§ TASK DESCRIPTION: Below are entries. Copy exactly the lines running from the line that holds "How to create" to the line that holds "Keyvin Pollington of", with both ends included.

§ RAW DATA:
--- START ---

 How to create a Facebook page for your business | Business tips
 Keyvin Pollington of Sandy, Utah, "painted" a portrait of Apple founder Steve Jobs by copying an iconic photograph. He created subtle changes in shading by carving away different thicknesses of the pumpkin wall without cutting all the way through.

--- END ---
--- START ---

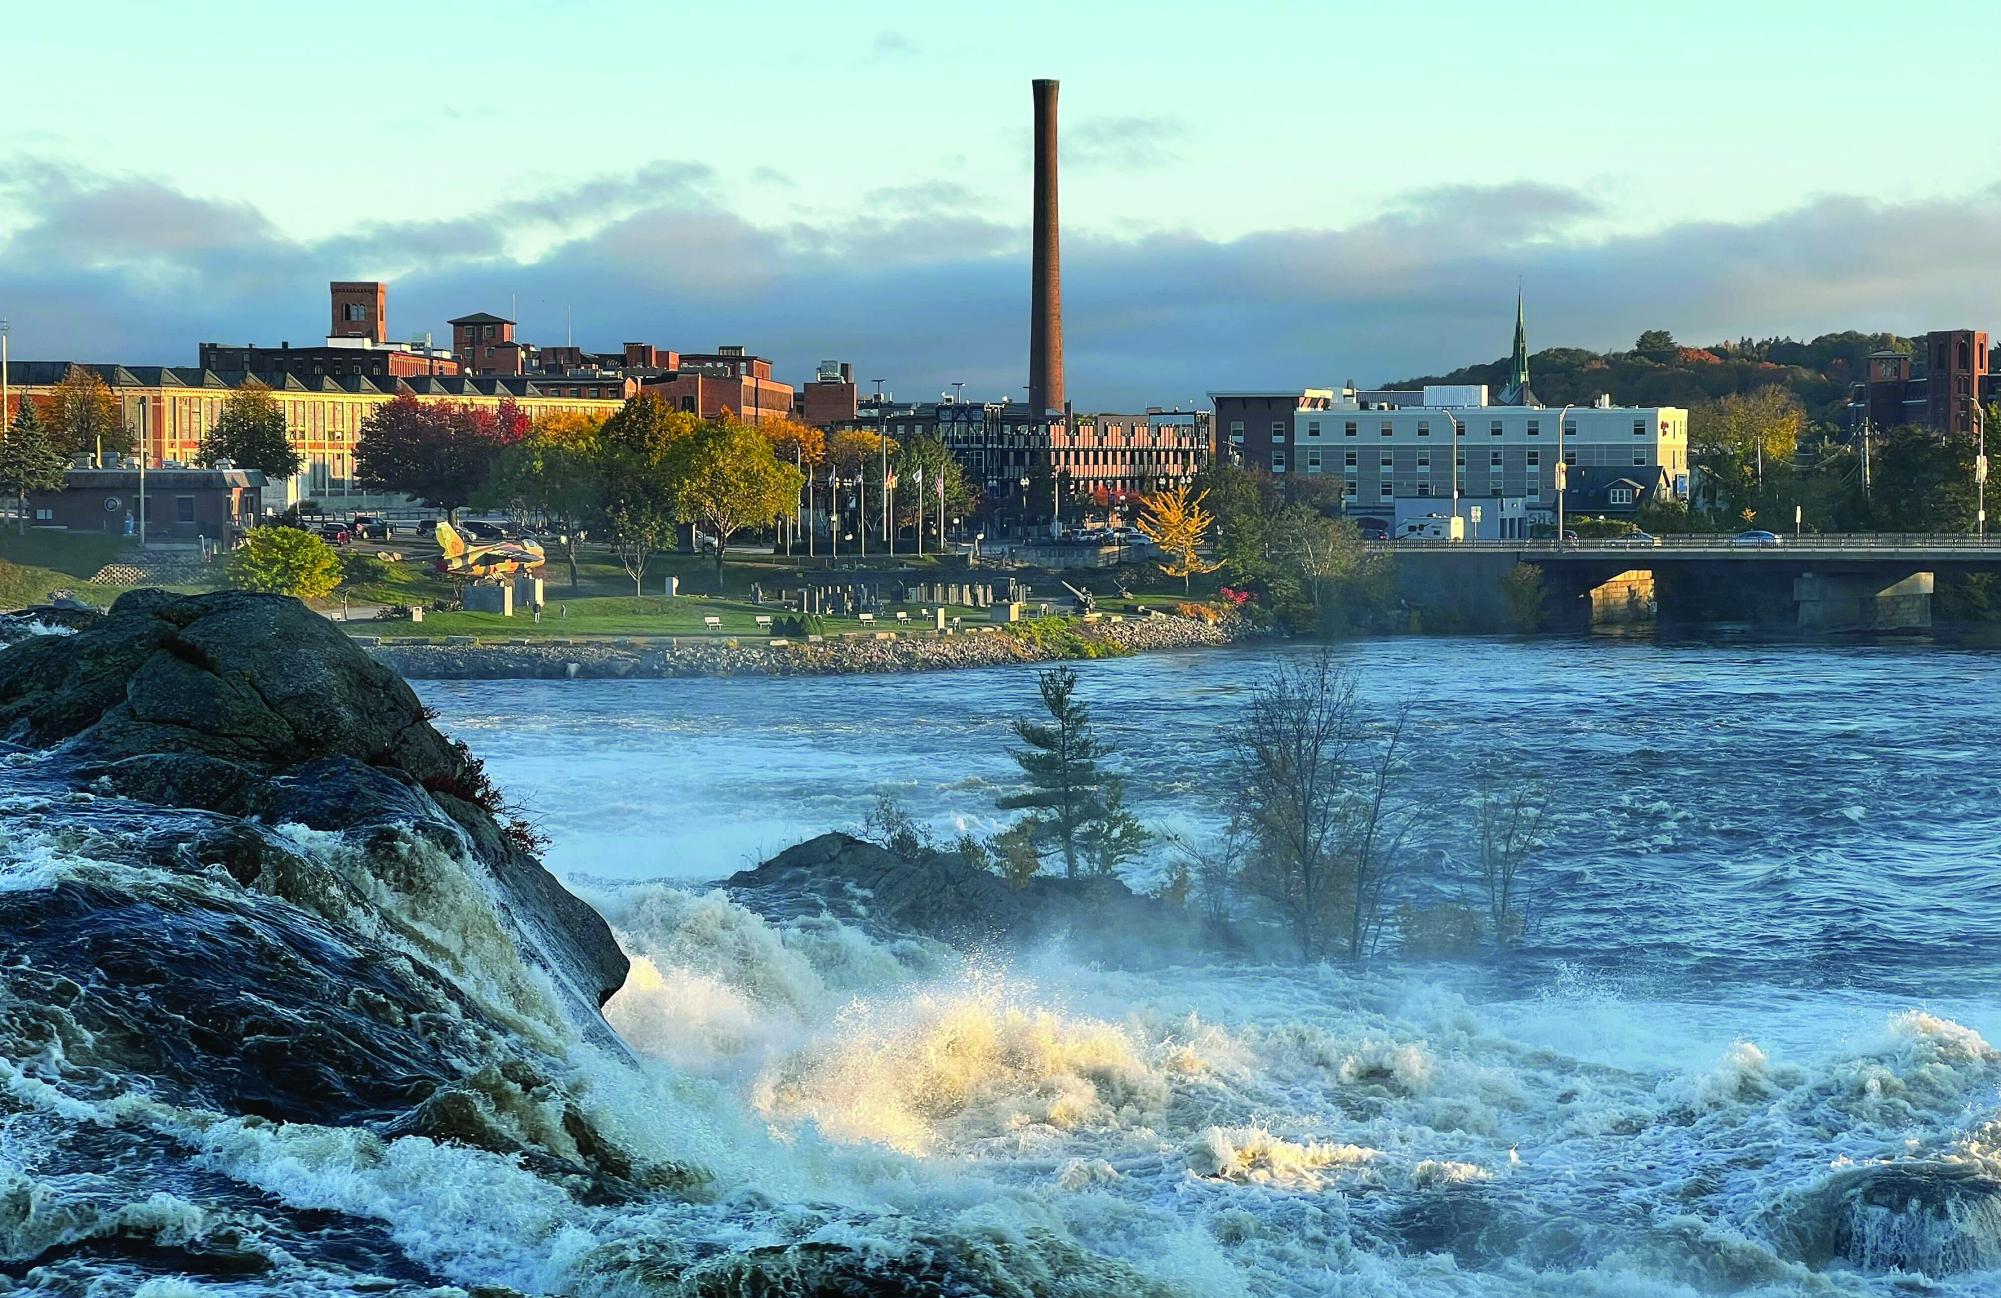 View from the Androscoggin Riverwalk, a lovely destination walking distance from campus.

--- END ---

§ THE ANSWER:
 How to create a Facebook page for your business | Business tips
 Keyvin Pollington of Sandy, Utah, "painted" a portrait of Apple founder Steve Jobs by copying an iconic photograph. He created subtle changes in shading by carving away different thicknesses of the pumpkin wall without cutting all the way through.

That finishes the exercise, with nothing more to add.